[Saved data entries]
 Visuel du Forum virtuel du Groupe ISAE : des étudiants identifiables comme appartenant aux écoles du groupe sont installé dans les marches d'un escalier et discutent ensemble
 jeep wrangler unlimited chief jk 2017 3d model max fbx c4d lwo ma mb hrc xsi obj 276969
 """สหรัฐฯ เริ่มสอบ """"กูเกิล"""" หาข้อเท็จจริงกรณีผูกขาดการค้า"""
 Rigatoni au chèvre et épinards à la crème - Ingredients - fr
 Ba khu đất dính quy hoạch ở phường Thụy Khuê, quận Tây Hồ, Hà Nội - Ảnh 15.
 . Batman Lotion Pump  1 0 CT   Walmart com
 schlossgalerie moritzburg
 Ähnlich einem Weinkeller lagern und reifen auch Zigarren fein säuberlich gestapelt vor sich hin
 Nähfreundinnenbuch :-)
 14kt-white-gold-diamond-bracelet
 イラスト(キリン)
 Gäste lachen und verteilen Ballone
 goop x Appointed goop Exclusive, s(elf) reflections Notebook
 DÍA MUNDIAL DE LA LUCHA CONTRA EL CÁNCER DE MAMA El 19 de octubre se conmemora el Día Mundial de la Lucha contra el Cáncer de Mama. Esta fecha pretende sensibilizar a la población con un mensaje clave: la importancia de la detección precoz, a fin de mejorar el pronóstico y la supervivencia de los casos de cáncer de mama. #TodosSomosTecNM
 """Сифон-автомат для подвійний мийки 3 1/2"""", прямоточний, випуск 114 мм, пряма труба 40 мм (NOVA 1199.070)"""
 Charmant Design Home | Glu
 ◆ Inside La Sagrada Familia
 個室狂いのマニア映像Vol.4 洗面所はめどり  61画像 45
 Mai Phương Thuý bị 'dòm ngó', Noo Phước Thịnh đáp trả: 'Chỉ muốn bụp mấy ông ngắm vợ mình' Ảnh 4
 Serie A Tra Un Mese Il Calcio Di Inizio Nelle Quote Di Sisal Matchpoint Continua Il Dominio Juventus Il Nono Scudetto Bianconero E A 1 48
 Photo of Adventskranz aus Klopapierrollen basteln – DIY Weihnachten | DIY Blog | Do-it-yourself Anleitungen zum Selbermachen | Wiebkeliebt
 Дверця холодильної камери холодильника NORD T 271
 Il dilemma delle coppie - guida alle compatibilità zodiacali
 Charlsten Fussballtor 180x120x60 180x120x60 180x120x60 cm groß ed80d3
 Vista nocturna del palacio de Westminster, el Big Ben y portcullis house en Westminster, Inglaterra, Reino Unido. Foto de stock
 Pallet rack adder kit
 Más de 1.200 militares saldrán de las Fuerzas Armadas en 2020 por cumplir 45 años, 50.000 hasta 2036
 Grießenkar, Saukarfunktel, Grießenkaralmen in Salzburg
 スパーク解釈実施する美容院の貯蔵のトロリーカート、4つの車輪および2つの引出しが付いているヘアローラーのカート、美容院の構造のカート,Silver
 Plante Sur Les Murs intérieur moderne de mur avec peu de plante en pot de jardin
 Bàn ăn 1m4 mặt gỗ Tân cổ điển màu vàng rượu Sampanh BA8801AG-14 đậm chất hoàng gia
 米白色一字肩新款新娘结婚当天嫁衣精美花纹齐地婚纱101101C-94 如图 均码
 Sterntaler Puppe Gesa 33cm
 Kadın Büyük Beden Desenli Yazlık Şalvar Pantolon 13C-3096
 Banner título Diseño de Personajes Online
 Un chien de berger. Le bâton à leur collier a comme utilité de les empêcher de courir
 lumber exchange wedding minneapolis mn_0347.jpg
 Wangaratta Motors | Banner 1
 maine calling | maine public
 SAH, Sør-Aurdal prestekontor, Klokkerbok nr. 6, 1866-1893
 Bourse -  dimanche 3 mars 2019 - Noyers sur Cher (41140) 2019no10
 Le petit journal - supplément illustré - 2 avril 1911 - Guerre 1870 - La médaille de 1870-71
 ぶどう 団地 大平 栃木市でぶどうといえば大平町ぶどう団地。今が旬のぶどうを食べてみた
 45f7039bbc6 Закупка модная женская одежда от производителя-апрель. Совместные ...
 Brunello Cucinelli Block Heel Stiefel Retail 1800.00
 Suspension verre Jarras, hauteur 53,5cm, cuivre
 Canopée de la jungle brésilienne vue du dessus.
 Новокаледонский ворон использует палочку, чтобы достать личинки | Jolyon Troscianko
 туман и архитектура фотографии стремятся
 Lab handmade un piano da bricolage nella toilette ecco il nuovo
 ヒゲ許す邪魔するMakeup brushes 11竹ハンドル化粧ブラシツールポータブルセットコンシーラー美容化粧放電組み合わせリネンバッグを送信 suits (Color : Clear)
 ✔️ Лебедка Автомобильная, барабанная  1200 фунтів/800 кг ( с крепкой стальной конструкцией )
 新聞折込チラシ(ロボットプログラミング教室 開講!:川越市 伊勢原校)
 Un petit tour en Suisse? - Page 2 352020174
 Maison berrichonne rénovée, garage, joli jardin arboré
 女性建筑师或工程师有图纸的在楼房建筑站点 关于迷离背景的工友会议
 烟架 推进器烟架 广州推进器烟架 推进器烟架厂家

## Directions
Set down only the lines above that fall between the line holding "Ähnlich einem Weinkeller" and the line holding "Banner título Diseño de Personajes Online", inclusive, keeping each exact.

## Response for this exercise
 Ähnlich einem Weinkeller lagern und reifen auch Zigarren fein säuberlich gestapelt vor sich hin
 Nähfreundinnenbuch :-)
 14kt-white-gold-diamond-bracelet
 イラスト(キリン)
 Gäste lachen und verteilen Ballone
 goop x Appointed goop Exclusive, s(elf) reflections Notebook
 DÍA MUNDIAL DE LA LUCHA CONTRA EL CÁNCER DE MAMA El 19 de octubre se conmemora el Día Mundial de la Lucha contra el Cáncer de Mama. Esta fecha pretende sensibilizar a la población con un mensaje clave: la importancia de la detección precoz, a fin de mejorar el pronóstico y la supervivencia de los casos de cáncer de mama. #TodosSomosTecNM
 """Сифон-автомат для подвійний мийки 3 1/2"""", прямоточний, випуск 114 мм, пряма труба 40 мм (NOVA 1199.070)"""
 Charmant Design Home | Glu
 ◆ Inside La Sagrada Familia
 個室狂いのマニア映像Vol.4 洗面所はめどり  61画像 45
 Mai Phương Thuý bị 'dòm ngó', Noo Phước Thịnh đáp trả: 'Chỉ muốn bụp mấy ông ngắm vợ mình' Ảnh 4
 Serie A Tra Un Mese Il Calcio Di Inizio Nelle Quote Di Sisal Matchpoint Continua Il Dominio Juventus Il Nono Scudetto Bianconero E A 1 48
 Photo of Adventskranz aus Klopapierrollen basteln – DIY Weihnachten | DIY Blog | Do-it-yourself Anleitungen zum Selbermachen | Wiebkeliebt
 Дверця холодильної камери холодильника NORD T 271
 Il dilemma delle coppie - guida alle compatibilità zodiacali
 Charlsten Fussballtor 180x120x60 180x120x60 180x120x60 cm groß ed80d3
 Vista nocturna del palacio de Westminster, el Big Ben y portcullis house en Westminster, Inglaterra, Reino Unido. Foto de stock
 Pallet rack adder kit
 Más de 1.200 militares saldrán de las Fuerzas Armadas en 2020 por cumplir 45 años, 50.000 hasta 2036
 Grießenkar, Saukarfunktel, Grießenkaralmen in Salzburg
 スパーク解釈実施する美容院の貯蔵のトロリーカート、4つの車輪および2つの引出しが付いているヘアローラーのカート、美容院の構造のカート,Silver
 Plante Sur Les Murs intérieur moderne de mur avec peu de plante en pot de jardin
 Bàn ăn 1m4 mặt gỗ Tân cổ điển màu vàng rượu Sampanh BA8801AG-14 đậm chất hoàng gia
 米白色一字肩新款新娘结婚当天嫁衣精美花纹齐地婚纱101101C-94 如图 均码
 Sterntaler Puppe Gesa 33cm
 Kadın Büyük Beden Desenli Yazlık Şalvar Pantolon 13C-3096
 Banner título Diseño de Personajes Online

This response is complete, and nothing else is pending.